You begin rebuilding healthy routines, and work becomes overwhelming.
You gain momentum creatively, and suddenly someone you love needs you emotionally.

Life keeps interrupting the version of yourself you’re trying to become.

And honestly?
That can make you feel like you’re failing at life.

Because we live in a culture obsessed with consistency, discipline, optimization, routines, productivity.

Wake up at 5 a.m.
Drink enough water.
Meal prep.
Work out.
Journal.
Meditate.
Build the business.
Heal your nervous system.
Answer emails.
Stay emotionally available.
Stay positive.
Stay grateful.
Stay focused.

And if you’re struggling to maintain all of that while life is actively happening to you, it’s easy to feel like everyone else figured something out that you didn’t.

But I don’t think the people who seem consistent are necessarily people with easier lives.

I think they’re people who stopped expecting life to become perfectly peaceful before allowing themselves to continue.

That realization changed something for me.

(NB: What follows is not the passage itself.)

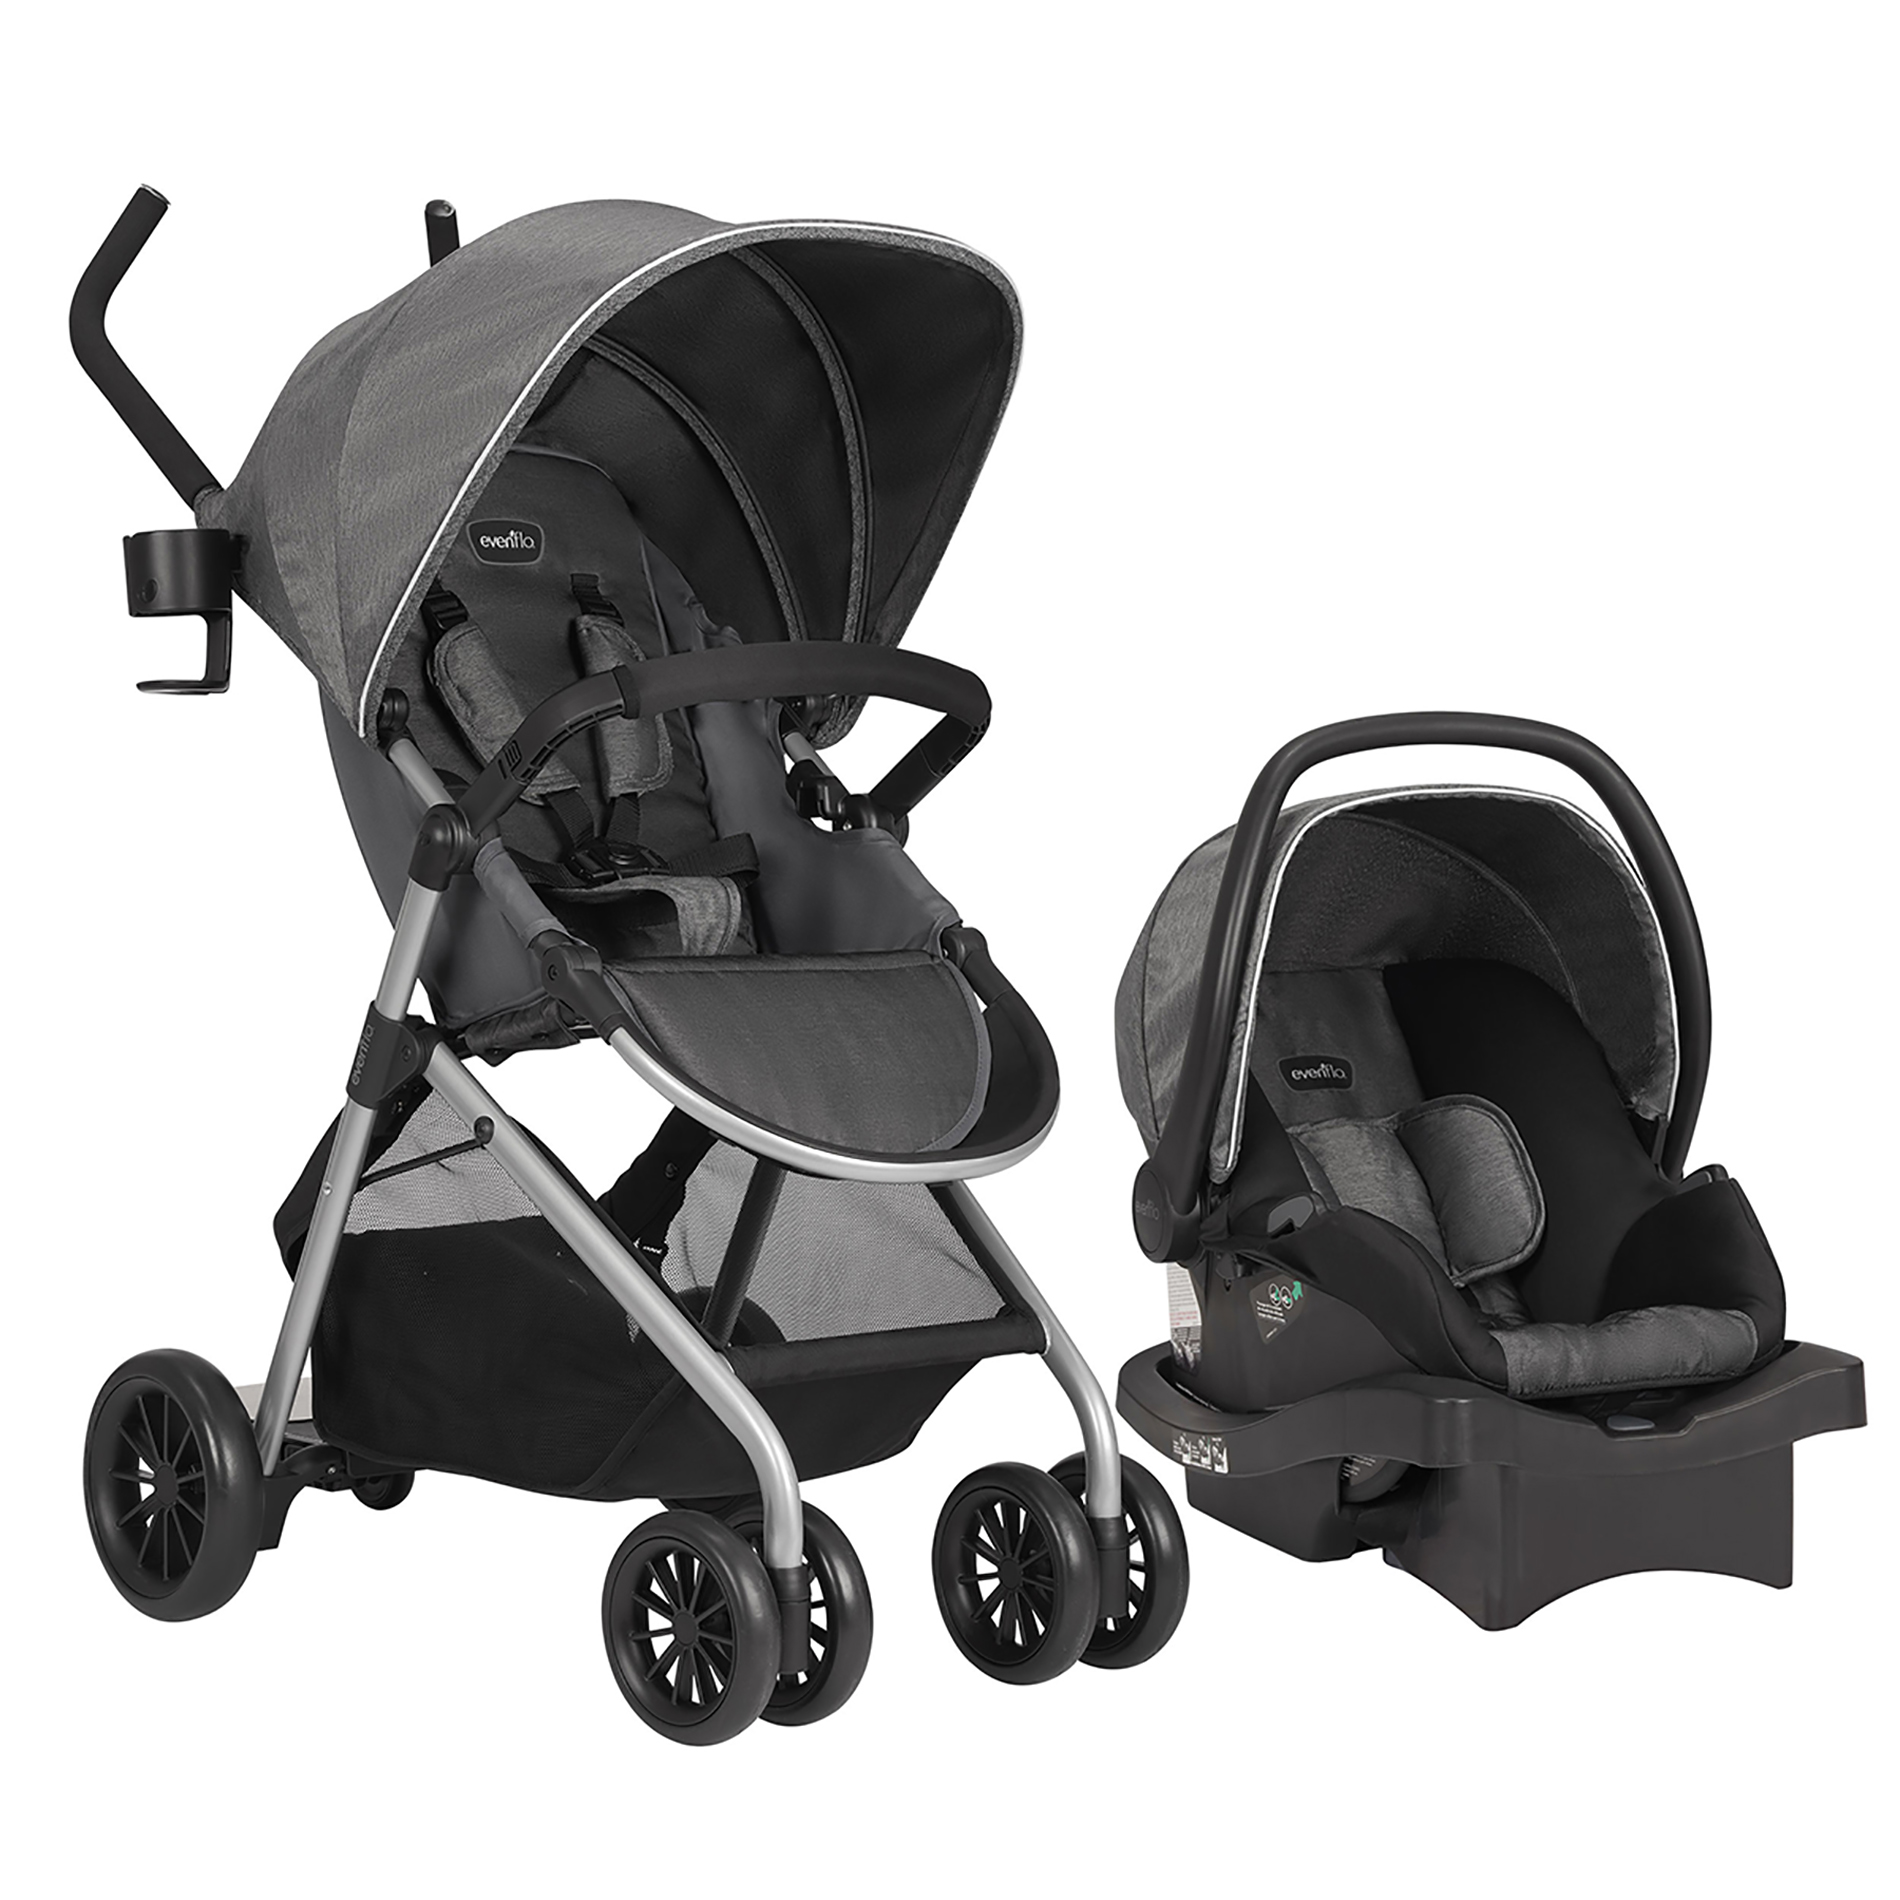 Evenflo Sibby Travel System with Infant Car Seat
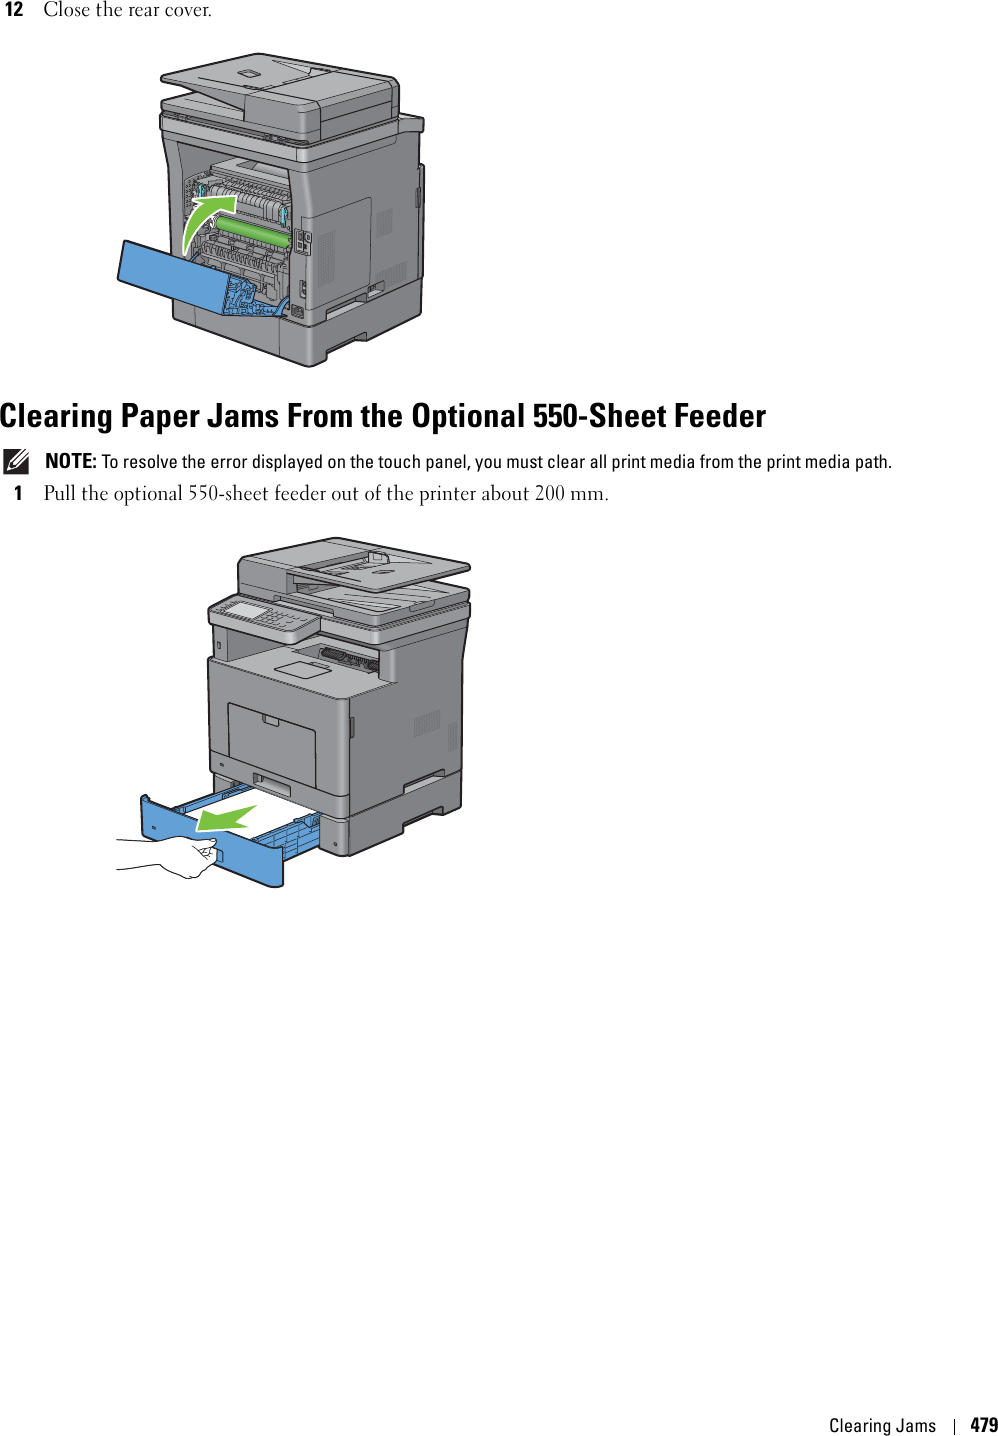 Clearing Jams47912Close the rear cover.Clearing Paper Jams From the Optional 550-Sheet Feeder NOTE: To resolve the error displayed on the touch panel, you must clear all print media from the print media path.1Pull the optional 550-sheet feeder out of the printer about 200 mm.

Because I kept waiting for this magical season where nothing would go wrong.

A clean slate season.
A fully healed season.
A financially stable season.
An emotionally calm season.
A season where nobody gets sick.
Nobody disappoints you.
Nothing unexpected happens.

But maybe that season doesn’t exist.

Or maybe it’s incredibly temporary.

Because life is movement.
Life is interruptions.
Life is uncertainty.

And if we wait for perfect conditions to become consistent, we may spend years believing we’re “about to begin.”

I think one of the biggest lies we tell ourselves is:
“Once things settle down, then I’ll finally become who I want to be.”

But things don’t settle down permanently.

There’s always another challenge.
Another responsibility.
Another emotional curveball.

And maybe that sounds discouraging…
but honestly, I think it can also be freeing.

Because if chaos is part of life, then consistency cannot depend on chaos disappearing.

It has to depend on learning how to continue anyway.

Not perfectly.
Not intensely.
Not in some unrealistic all-or-nothing way.

But sustainably.

That word matters to me now:
Sustainable.

Because I used to think momentum meant going hard.
Massive transformation.
Completely changing my life overnight.

But real momentum is quieter than that.

Real momentum might just be:
Getting back up faster.

That’s it.

Not disappearing for six months because you had one bad week.
Not deciding you ruined everything because you lost focus.
Not abandoning yourself every time life becomes emotionally heavy.

Just returning.

Again and again.

I think a lot of us secretly believe consistency means never struggling.

But maybe consistency actually means:
“I struggled… and I came back.”

That’s a completely different mindset.

And lately I’ve realized something else:

Sometimes what we call laziness is actually exhaustion.
Sometimes what we call procrastination is emotional overwhelm.
Sometimes what we call “making excuses” is someone operating without emotional margin for a very long time.

Especially when you’re carrying things privately.

A difficult relationship dynamic.
Stress about the future.
Fear around someone you love being ill.
Pressure at work.
The constant feeling that you should be doing more than you currently are.

That kind of emotional weight changes your capacity.

And yet we still compare ourselves to highly curated versions of strangers online who appear endlessly productive.

But real life is rarely aesthetically consistent.

Real life is crying in your car before a meeting.
Answering emails while emotionally drained.
Trying to better yourself while simultaneously surviving something difficult.

And honestly, I think people become even harder on themselves when they don’t have “obvious” reasons for being overwhelmed.

Like if you don’t have children, or you work from home, or your struggles aren’t externally visible, you think:
“Well, technically I should be able to handle this.”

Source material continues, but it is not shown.